Saturday, February 7, 2015

Self-employed borrowers should plan ahead at tax time

Deborah Graves for Columbia Daily Tribune writes: As a self-employed borrower, how do you get a mortgage loan these days? It’s not as easy as it used to be. The process is different. The documentation is different. Even the way the mortgage market defines “self-employed” is different. So what do you do?
The first step for any self-employed borrower is to provide your mortgage loan officer with your federal tax documents for the last two years, including your W-2 forms. If you are unable to locate a copy, your lender can have you sign a 4506-T form for the IRS. This document releases a line-item transcript of your tax return to your lender, providing third-party verification of the reported income.
If you are a small-business owner, your income might be documented in your federal return on a Schedule C form, summarizing any income and expenses associated with the business.
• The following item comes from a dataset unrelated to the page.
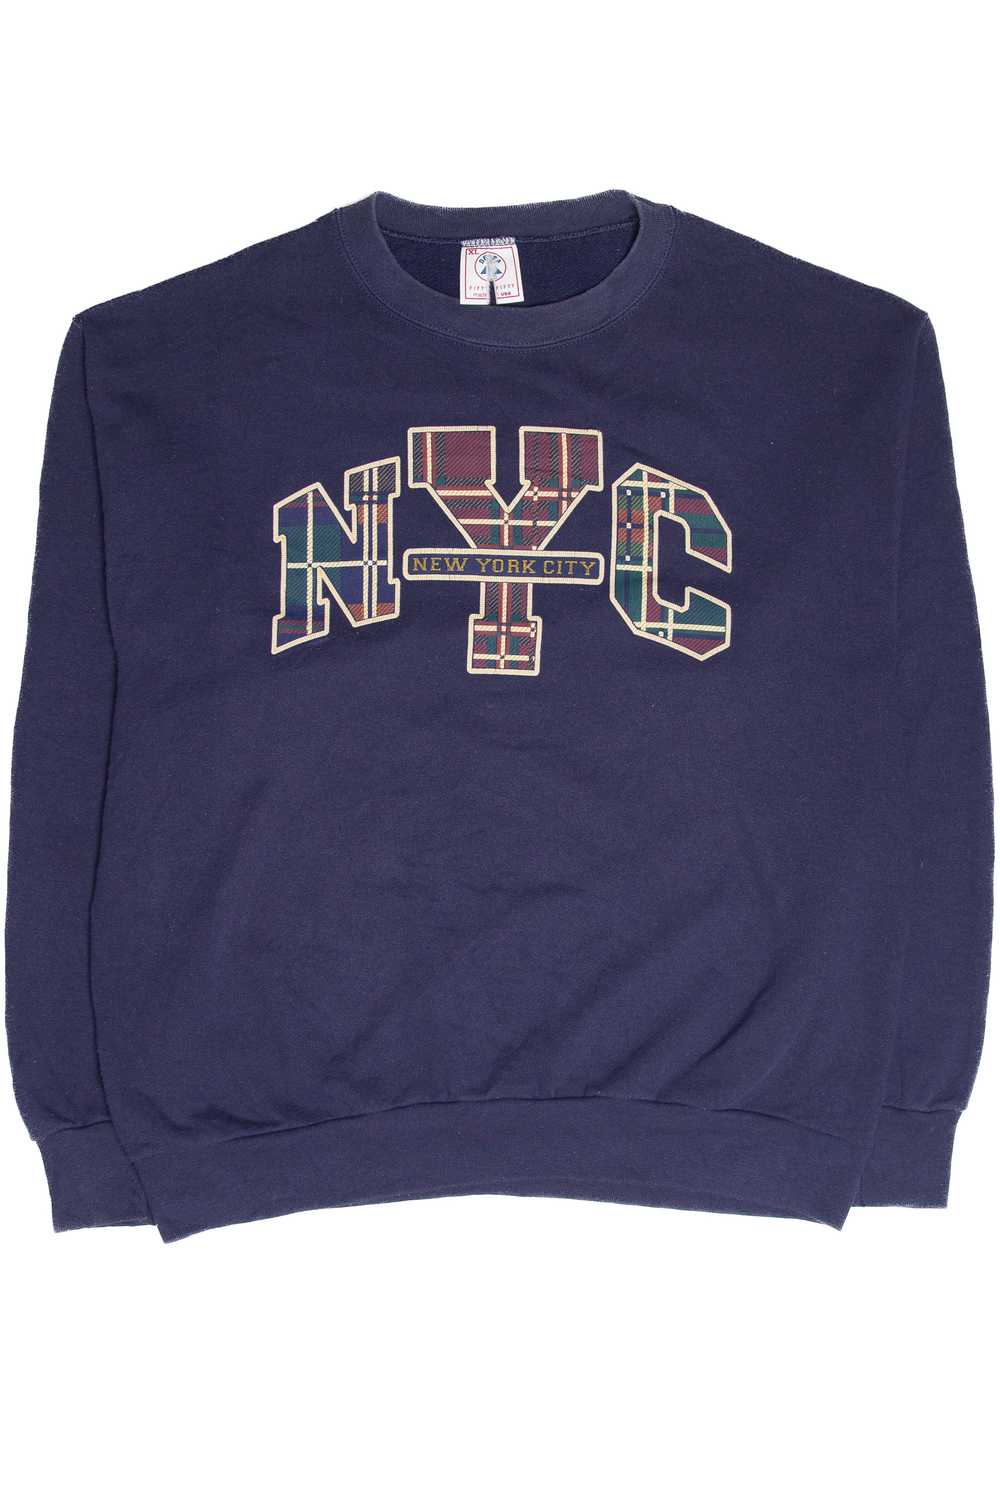 Vintage New York City Graphic Sweatshirt - image 1
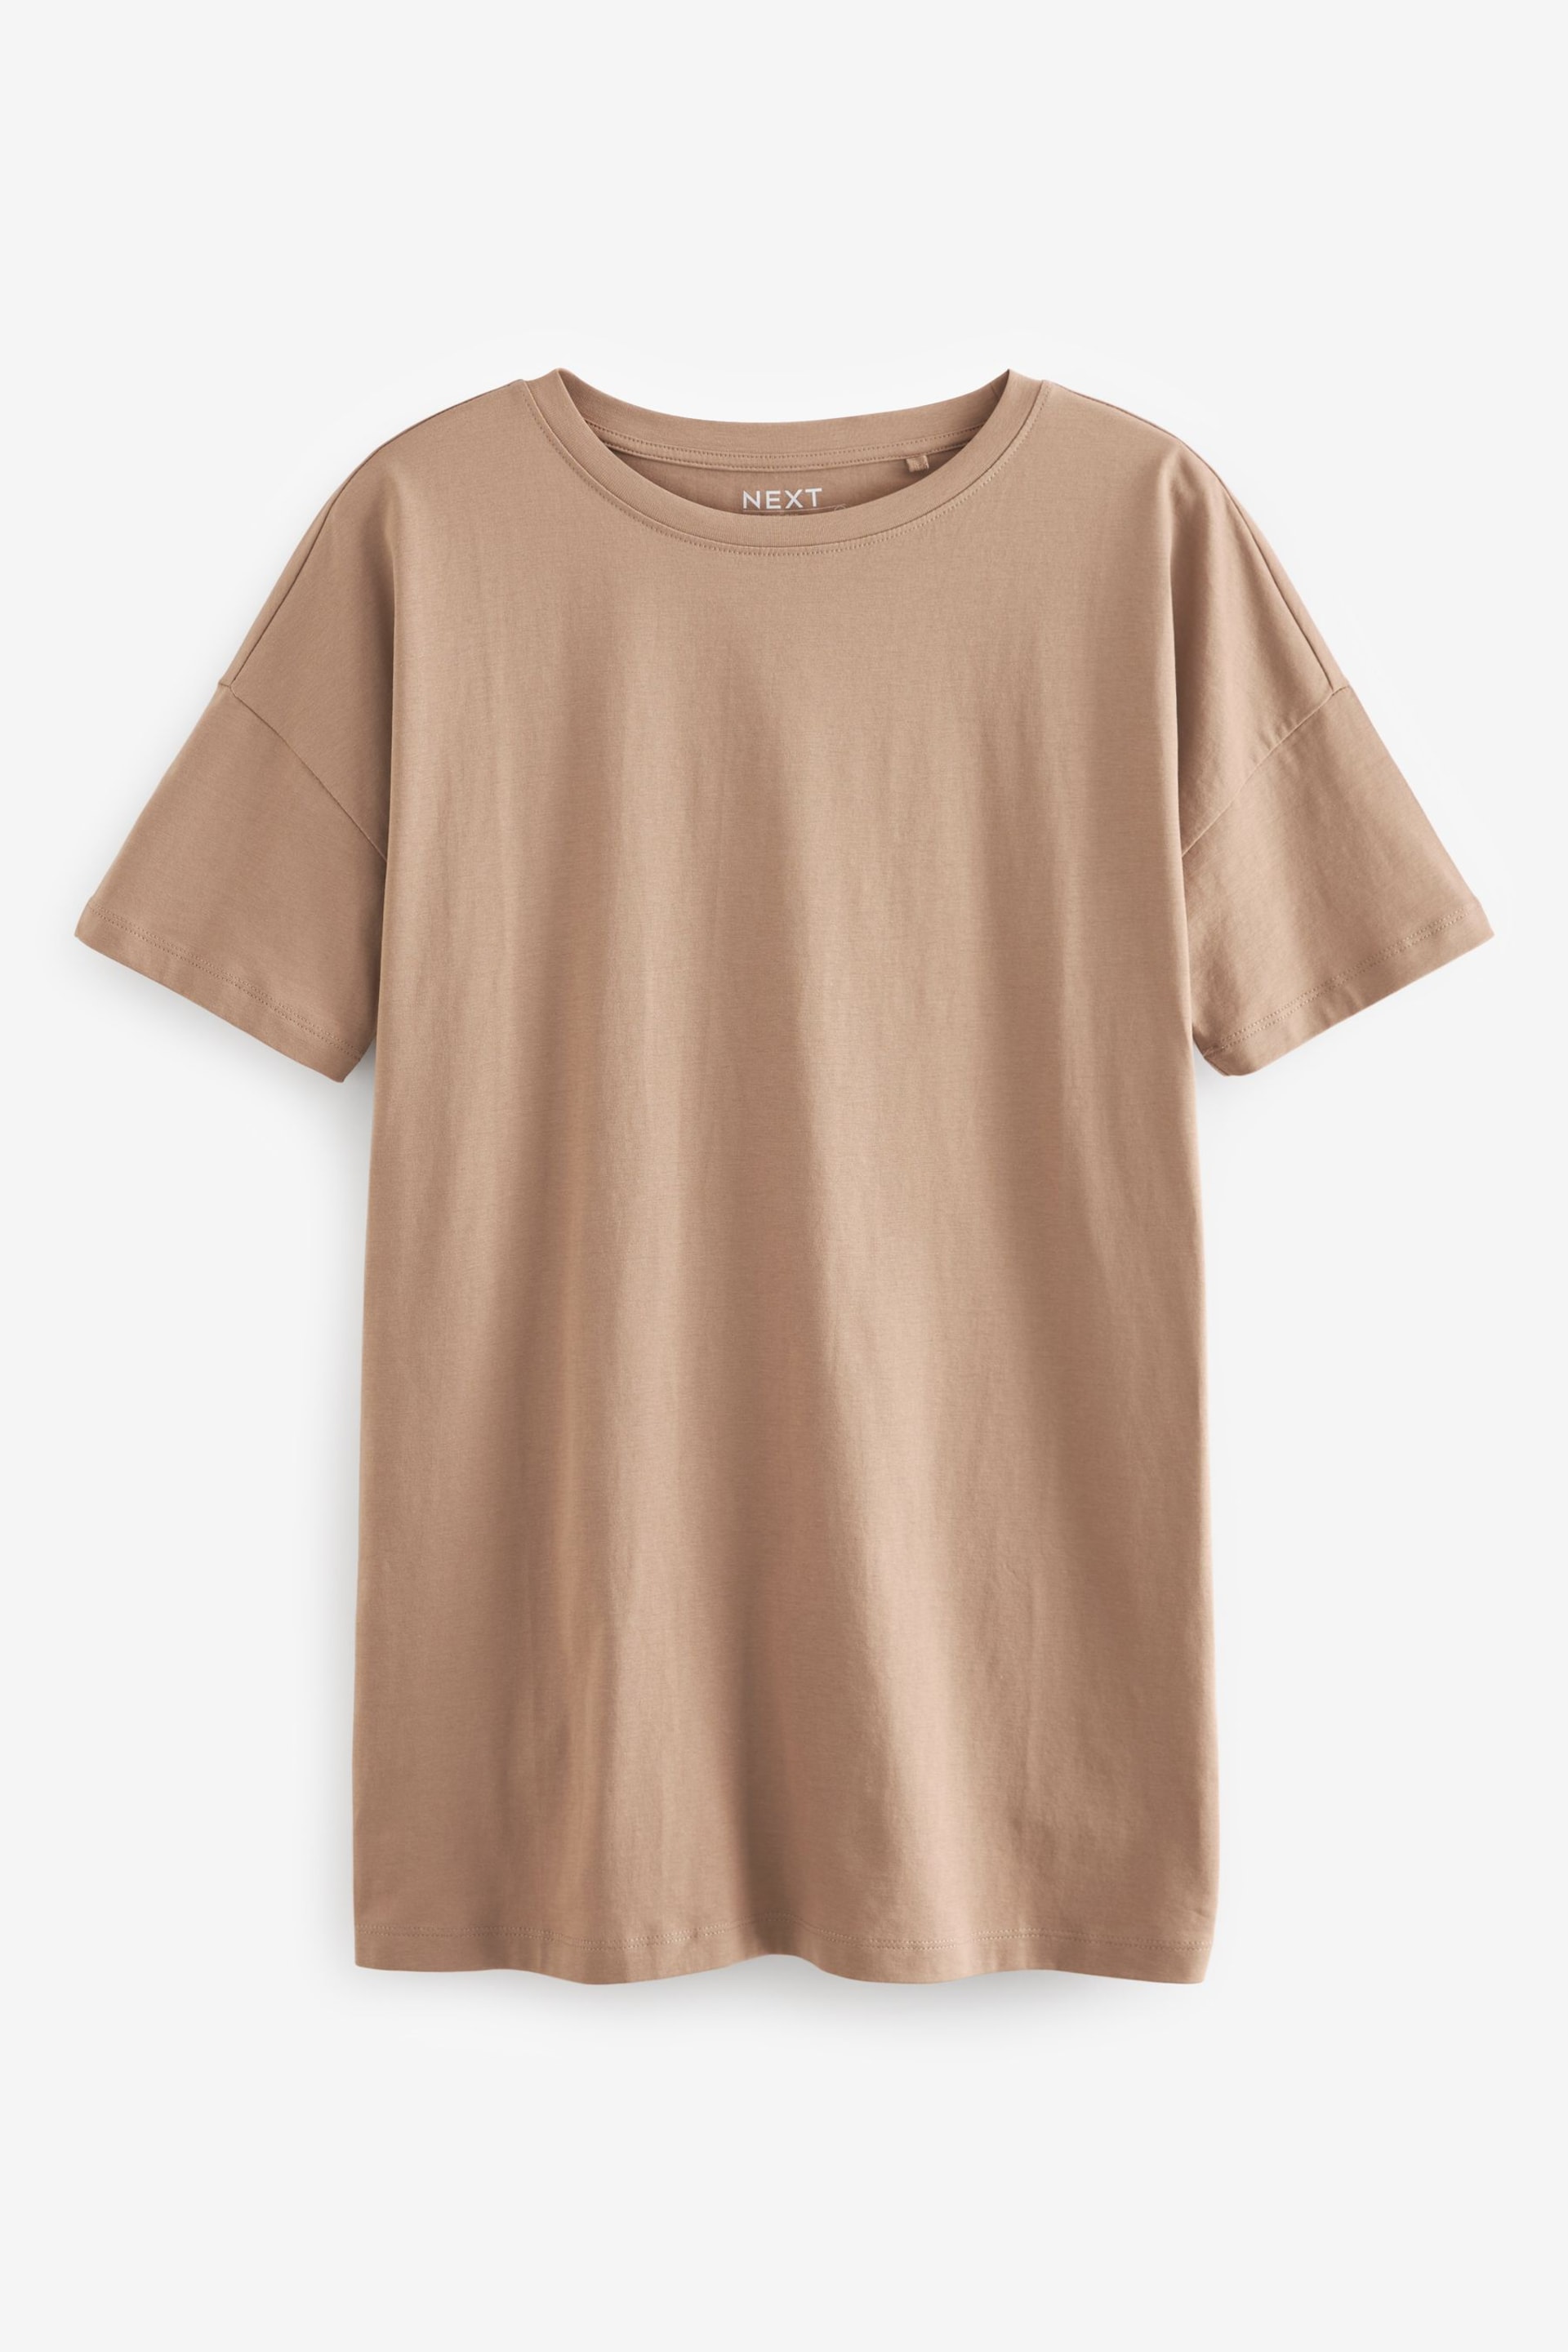 Neutral Oversized T-Shirt - Image 5 of 6

If your income can be verified using Schedule C, that situation is often the simplest for a lender to determine a borrower’s ability to make a monthly mortgage payment because all the information is contained within your federal return.
Other types of self-employment necessitate business tax forms such as the 1120S or 1065. If your tax situation requires these types of forms, it is likely that you have a certified public accountant or another tax professional who can provide the appropriate tax returns to your lender on your behalf.
As a self-employed borrower, you need to understand that income that does not appear on your W-2 will be analyzed in greater detail than a borrower who earns typical wages. You will need to have been self-employed for a reasonable time period, which typically requires a two-year self-employment history.
Your lender might also request any K-1 forms that flow into the Schedule E, or the complete business return for all your businesses to analyze the following: income stability, type and nature of business, demand for service, financial strength and ability to generate sufficient income to make monthly mortgage payments.
For many self-employed individuals, income can be variable and seasonal in nature, so lenders often need a more current year-to-date profit and loss statement or balance sheet for any business entities. Filing for a tax extension, for example, could create financing delays that you need to take into consideration.
But how is self-employment defined in today’s mortgage lending environment? If an individual has a 25 percent or greater ownership interest in a business, they are considered self-employed.
For example, if you own a rental property management company with your siblings and have reported income or loss from that entity that results in a K-1 form showing 33 percent ownership, you are self-employed. But if the K-1 form you received from, for instance, buying into a local restaurant or craft beer company shows a 5 percent ownership interest, you are not self-employed.
Confused? Here is a simple piece of advice to make it all easier: A little tax planning can go a long way. If buying a home or refinancing your mortgage is in the cards for you this year, share that information with your accountant before filing your 2014 tax return. Your accountant might be working to reduce your tax liability by a few hundred dollars — but those tax savings could influence your ability to qualify for a mortgage, which has much greater financial implications.
Planning ahead for this new mortgage process will make a significant difference in getting you the loan you need.